Expand description

Render an operator that persists a source collection.

Implementation

This module defines the persist_sink operator, that writes a collection produced by source rendering into a persist shard.

It attempts to use all workers to write data to persist, and uses single-instance workers to coordinate work. The below diagram is an overview how it it shaped. There is more information in the doc comments of the top-level functions of this module.

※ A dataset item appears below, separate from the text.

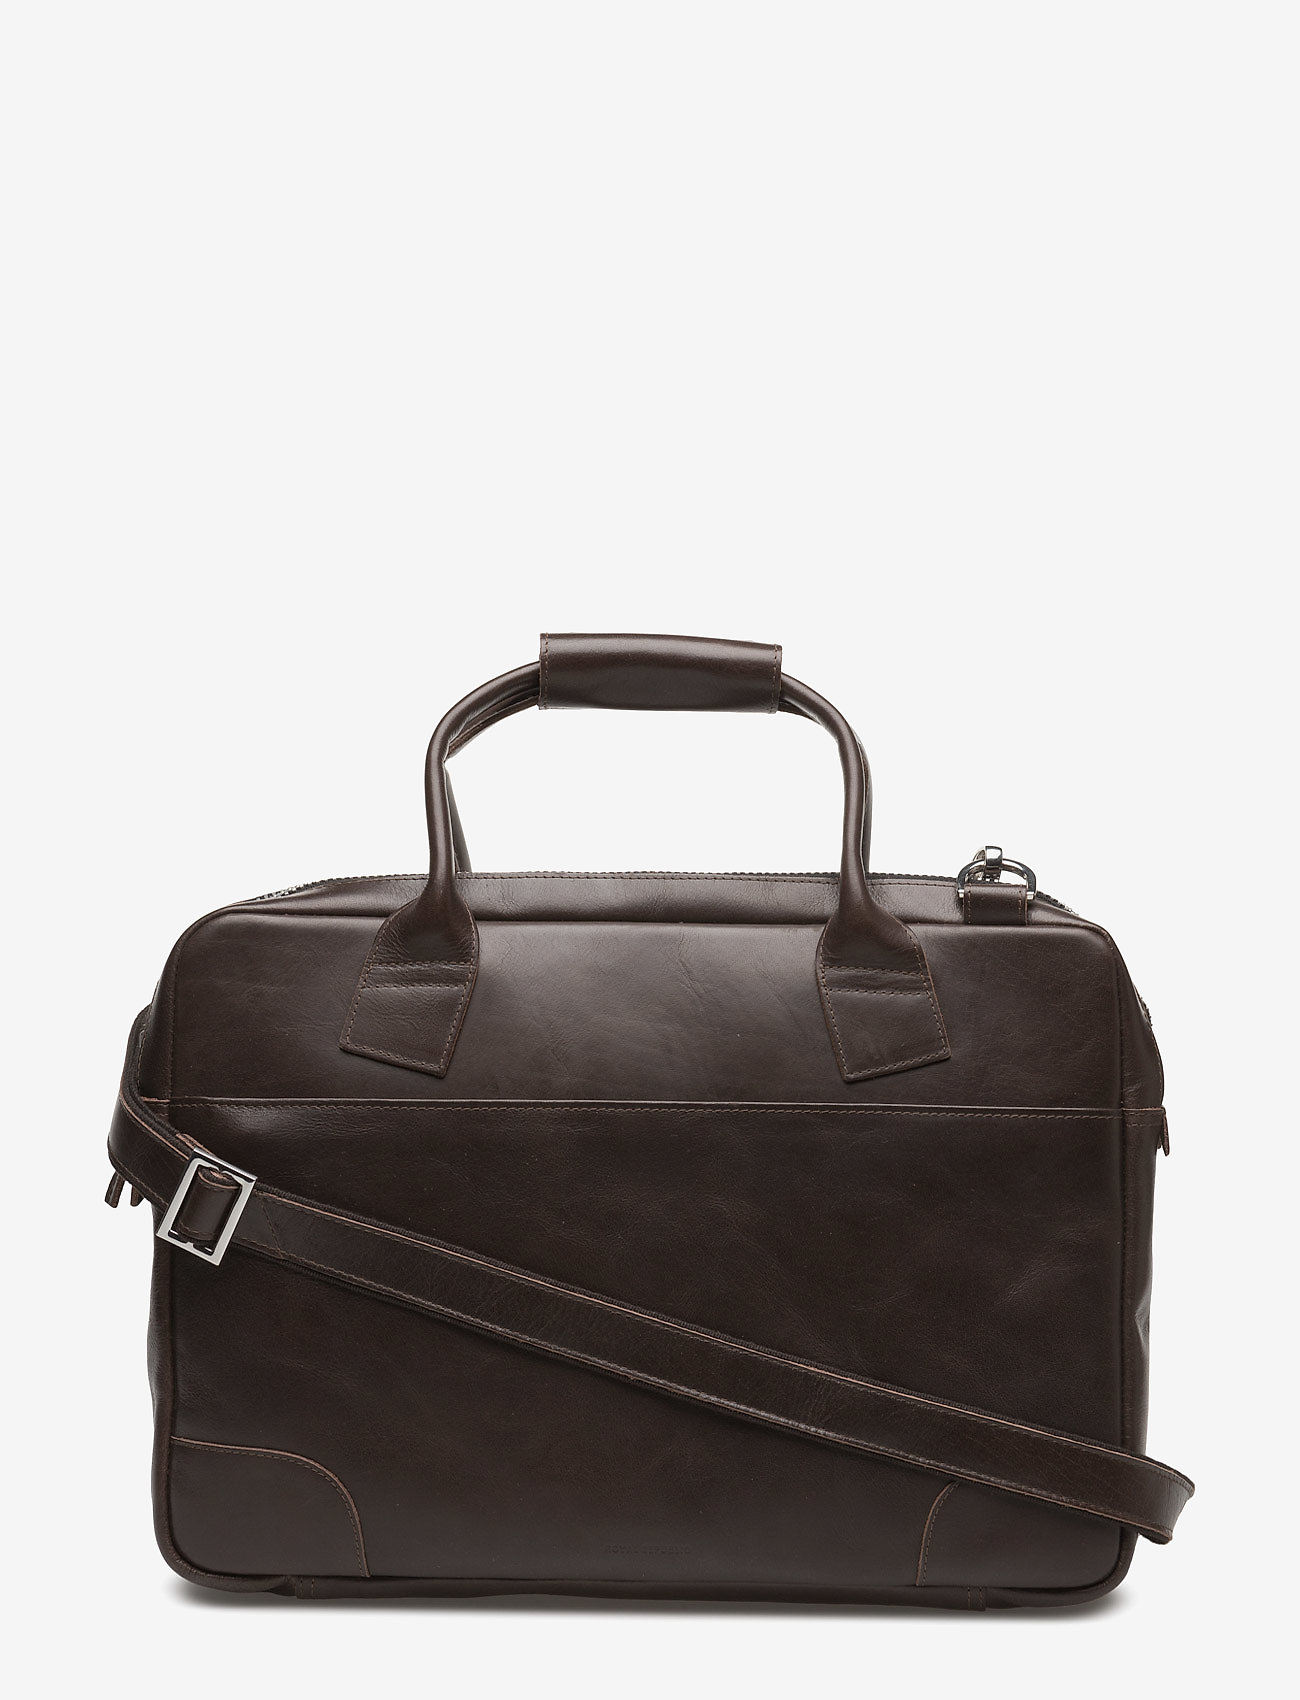 Royal RepubliQ - Nano big zip bag leather - brown - 1

                                       ,------------.
                                       | source     |
                                       | collection |
                                       +---+--------+
                                       /   |
                                      /    |
                                     /     |
                                    /      |
                                   /       |
                                  /        |
                                 /         |
                                /          |
                               /     ,-+-----------------------.
                              /      | mint_batch_descriptions |
                             /       | one arbitrary worker    |
                            |        +-,--,--------+----+------+
                           ,----------´.-´         |     \
                       _.-´ |       .-´            |      \
                   _.-´     |    .-´               |       \
                .-´  .------+----|-------+---------|--------\-----.
               /    /            |       |         |         \     \
        ,--------------.   ,-----------------.     |     ,-----------------.
        | write_batches|   |  write_batches  |     |     |  write_batches  |
        | worker 0     |   | worker 1        |     |     | worker N        |
        +-----+--------+   +-+---------------+     |     +--+--------------+
               \              \                    |        /
                `-.            `,                  |       /
                   `-._          `-.               |      /
                       `-._         `-.            |     /
                           `---------. `-.         |    /
                                     +`---`---+-------------,
                                     | append_batches       |
                                     | one arbitrary worker |
                                     +------+---------------+

Similarities with mz_compute::sink::persist_sink

This module has many similarities with the compute version of the same concept, and in fact, is entirely derived from it.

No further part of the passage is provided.